TensorFlow is typically used for deep learning (a specific kind of machine learning usually based on neural networks) and its status in our survey is a demonstration of the rise of tools for machine learning. Notice that PyTorch is the third most loved framework; PyTorch is another open source deep learning framework, but one developed and released by researchers from Facebook.
How are technologies related?
As a data scientist at Stack Overflow, I spend a lot of time thinking about how technologies are related to each other, and we can specifically think about that in the context of machine learning technologies on the Developer Survey this year. If we look at all the technologies we asked about on the survey, from languages to databases to IDEs to platforms, which were used most often in the context of machine learning? For example, which technologies are most highly correlated with TensorFlow?
Here we see which technologies are most likely to be used by a developer who also uses TensorFlow, compared to those who do not. The most highly correlated technology is Torch/PyTorch; this is interesting because it is effectively a competing framework. Next comes the popular Jupyter Notebook IDE that is used by many data scientists and then the two big language players when it comes to machine learning, Python and R. Python have a larger user base, but I personally am an R developer.
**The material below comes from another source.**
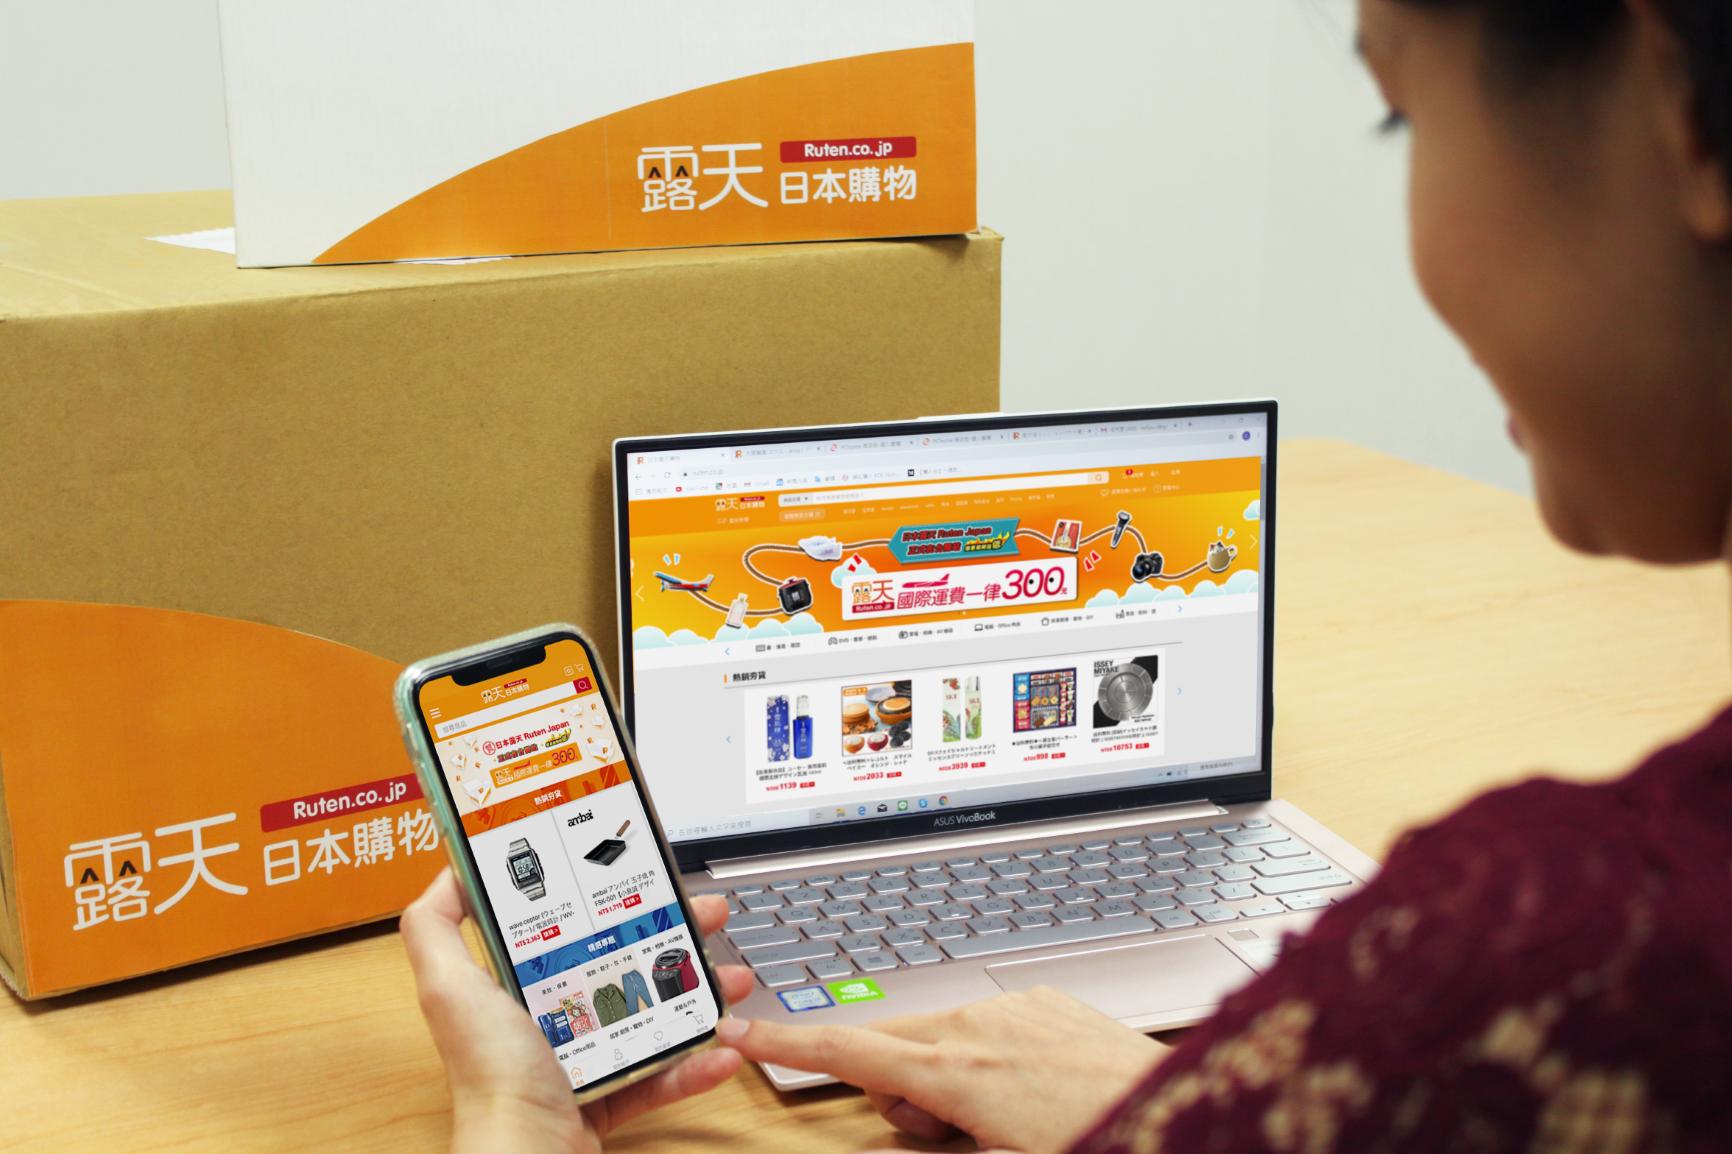 照片中提到了天日本購物、Ruten.co.jp、DORNER CT,跟平安銀行有關,包含了小工具、Ruten Global Inc.、小工具、網上購物、博世
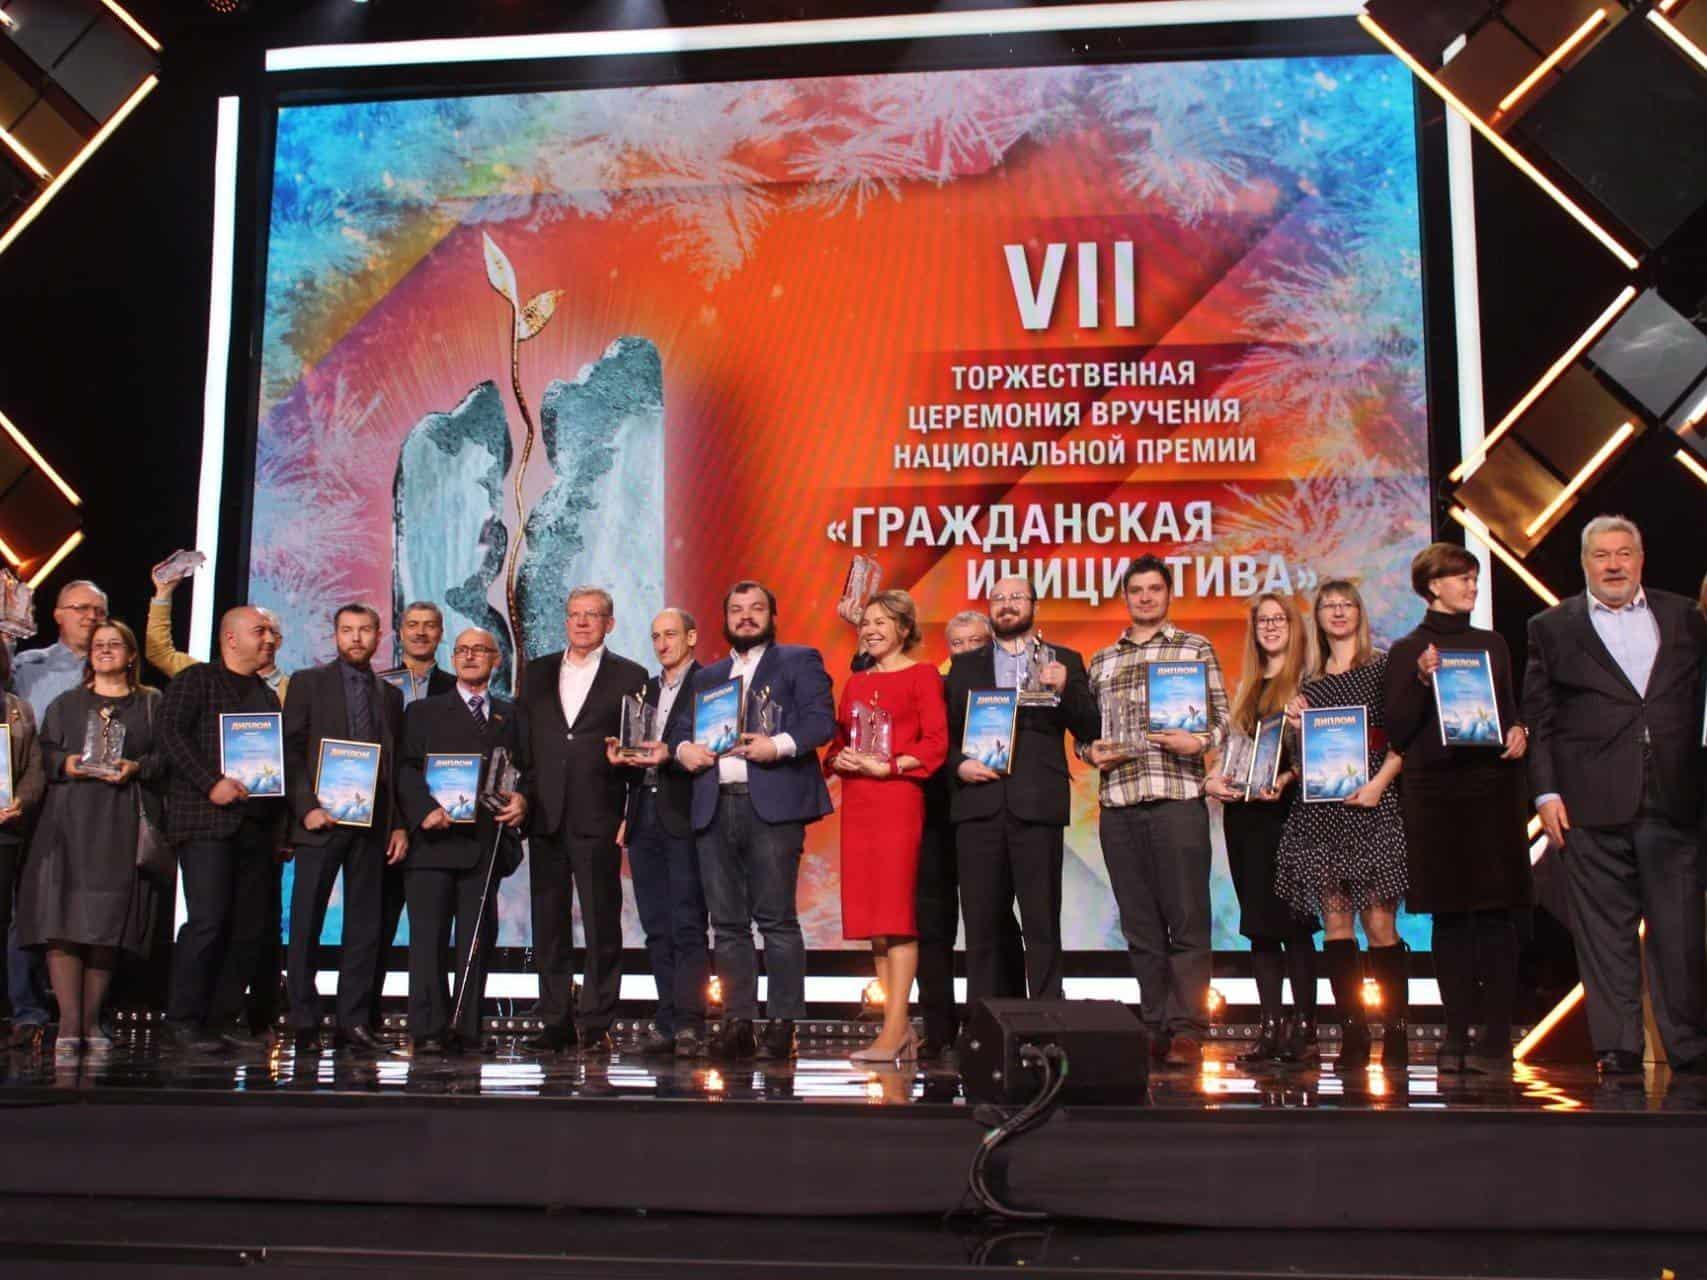 программа ОТР: Национальная премия Гражданская инициатива VII торжественная церемония награждения

Most developers interact with TensorFlow via the Python API, but R has excellent support for TensorFlow as well. The other technologies here include other IDEs that focus on data science and/or Python work, like RStudio and PyCharm, and big data technologies such as Apache Spark, Apache Hadoop, and Google BigQuery.
SEE ALSO: A basic introduction to Machine Learning
Fastest growing, most wanted
Python is the programming language most correlated with TensorFlow, and in fact, Python has a solid claim to being the fastest-growing major programming language. This year Python again climbed in the popularity ranks on our survey, passing C# this year much like it surpassed PHP last year. Software developers are aware of this, and this year we found that Python was the most wanted language, meaning that out of developers who are not working with each technology, the highest percentage want to start this coming year.
This plot shows the top 15 languages that were most wanted. What languages were least wanted this year? We find that VBA, Delphi/Object Pascal, Cobol, and Visual Basic 6 are the least attractive today. These languages certainly lack the name recognition of Python, but more substantively, they do not have the large, vibrant communities working on modern problems like machine learning. June 2017 was the first month that Python was the most visited tag on Stack Overflow in high-income countries like the United States and the United Kingdom. We find that the incredible growth of Python is driven largely by data science and machine learning, rather than web development or systems administration.
Machine learning offers organizations the opportunity to use their data to make good decisions; our own data at Stack Overflow demonstrates that our industry is embracing this possibility and that the use of machine learning is on the rise. If you are a developer interested in machine learning, TensorFlow, and deep learning are likely not the best place to start. Instead, focus on gaining statistical competency and putting it into practice in your daily work.